Unfeigned concern and love could be seen on Anna’s face.
‘Very well,’ she said suddenly. ‘But I’ll tell it from the beginning. You know how I got married. With maman’s upbringing, I was not only innocent, I was stupid. I didn’t know anything. They say, I know, that husbands tell their wives their former life, but Stiva ...’ - she corrected herself - ‘Stepan Arkadyich told me nothing. You won’t believe it, but until now I thought I was the only woman he had known. I lived like that for eight years. You must understand that I not only didn’t suspect his unfaithfulness, I considered it impossible, and here, imagine, with such notions, suddenly to learn the whole horror, the whole vileness ... You must understand me. To be fully certain of my own happiness, and suddenly ...’ Dolly went on, repressing her sobs, ‘and to get a letter ... his letter to his mistress, to my governess. No, it’s too terrible!’ She hastily took out a handkerchief and covered her face with it. ‘I could even understand if it was a passion,’ she went on after a pause, ‘but to deceive me deliberately, cunningly ... and with whom? ... To go on being my husband together with her ... it’s terrible! You can’t understand...’
‘Oh, no, I do understand! I understand, dear Dolly, I understand,’ said Anna, pressing her hand.
‘And do you think he understands all the horror of my position?’ Dolly went on. ‘Not a bit! He’s happy and content.’
‘Oh, no!’ Anna quickly interrupted. ‘He’s pitiful, he’s overcome with remorse ...’
‘Is he capable of remorse?’ Dolly interrupted, peering intently into her sister-in-law’s face.
‘Yes, I know him. I couldn’t look at him without pity. We both know him. He’s kind, but he’s proud, and now he’s so humiliated. What moved me most of all ...’ (and here Anna guessed what might move Dolly most of all) ‘there are two things tormenting him: that he’s ashamed before the children, and that, loving you as he does ... yes, yes, loving you more than anything in the world,’ she hastily interrupted Dolly, who was about to object, ‘he has hurt you, crushed you. “No, no, she won’t forgive me,” he keeps saying.’
Dolly pensively stared past her sister-in-law, listening to her words.

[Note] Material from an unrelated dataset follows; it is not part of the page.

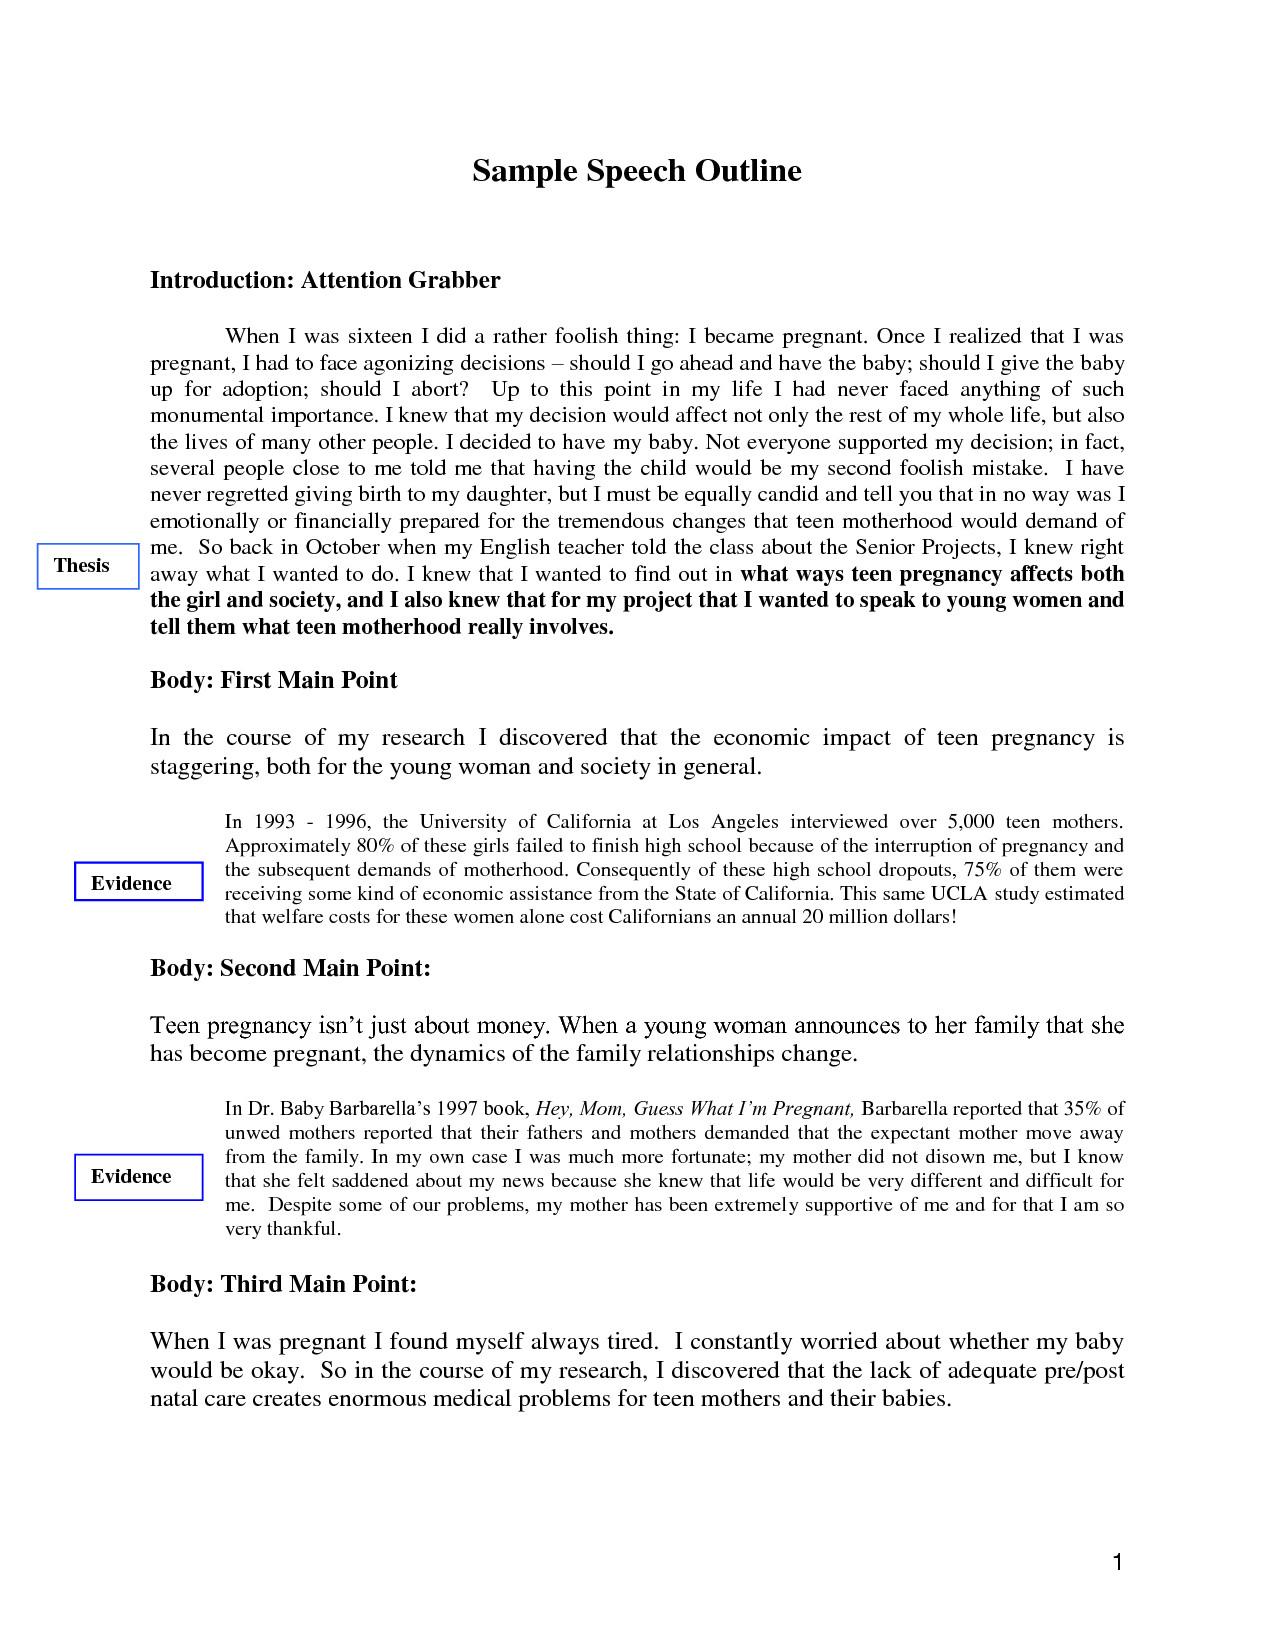 Self Introduction Speech Outline Sample Self Introduction Speech Outline

‘Yes, I understand that his position is terrible; it’s worse for the guilty than for the innocent,’ she said, ‘if he feels guilty for the whole misfortune. But how can I forgive him, how can I be his wife again after her? For me to live with him now would be torture, precisely because I loved him as I did, because I love my past love for him ...’
And sobs interrupted her words.
But as if on purpose, each time she softened, she again began to speak of what irritated her.
‘You see, she’s young, she’s beautiful,’ she went on. ‘Do you understand, Anna, who took my youth and beauty from me? He and his children. I’ve done my service for him, and that service took my all, and now, naturally, he finds a fresh, vulgar creature more agreeable. They’ve surely talked about me between them, or, worse still, passed me over in silence - you understand?’ Again her eyes lit up with hatred. ‘And after that he’s going to tell me ... Am I supposed to believe him? Never. No, it’s the end of everything, everything that made for comfort, a reward for toil, suffering ... Would you believe it? I’ve just been teaching Grisha: before it used to be a joy, now it’s a torment. Why do I strain and toil? Why have children? The terrible thing is that my soul suddenly turned over, and instead of love, of tenderness, I feel only spite towards him, yes, spite. I could kill him and ...’
‘Darling Dolly, I understand, but don’t torment yourself. You’re so offended, so agitated, that you see many things wrongly.’
Dolly quieted down, and for a minute or two they were silent.
‘What’s to be done, think, Anna, help me. I’ve thought it all over and don’t see anything.’
Anna could not think of anything, but her heart responded directly to every word, to every expression on her sister-in-law’s face.
‘I’ll say one thing,’ Anna began. ‘I’m his sister, I know his character, this ability to forget everything, everything’ (she made a gesture in front of her face), ‘this ability for total infatuation, but also for total remorse. He can’t believe, he can’t understand now, how he could have done what he did.’